Botulinum toxin types A and B are valuable agents in the multiple therapeutic strategies that clinicians carry out in a neurorehabilitation setting. It is important to strive to attain the best clinical and functional benefit that improves the quality of care of patients undergoing rehabilitation. Since neurologically disabled subjects present complex dysfunction, prior to initiating BTX therapy, specific functional limitations, goals, and expected outcomes of treatment should be discussed with the patient and caregiver.
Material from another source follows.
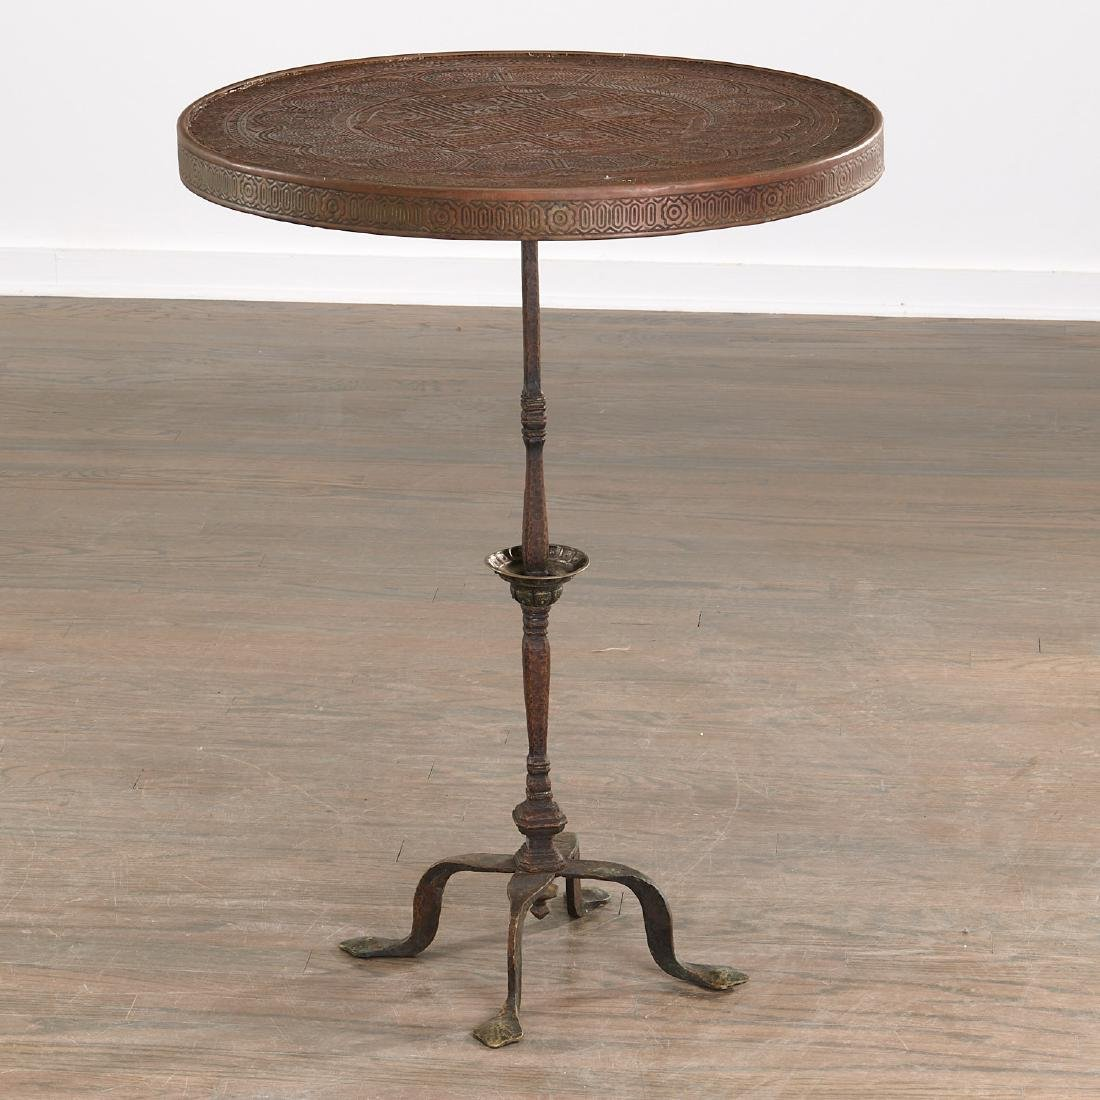 Aesthetic Movement Moorish decorated table

Muscle selection and the order and priority of treatment should be tailored to the treatment of spasticity and muscular imbalance. BTX-A and BTX-B strategies should be viewed as adjunct measures based on the individual’s residual ability, and competence and tailored rehabilitation programs are needed to achieve the best functional outcome. Although BTX-A treatment has been demonstrated safe and effective in managing several neurological disorders, many questions still remain unsolved. Future studies should address if this agent alone or as an adjunct to other rehabilitative procedures optimizes functional outcome.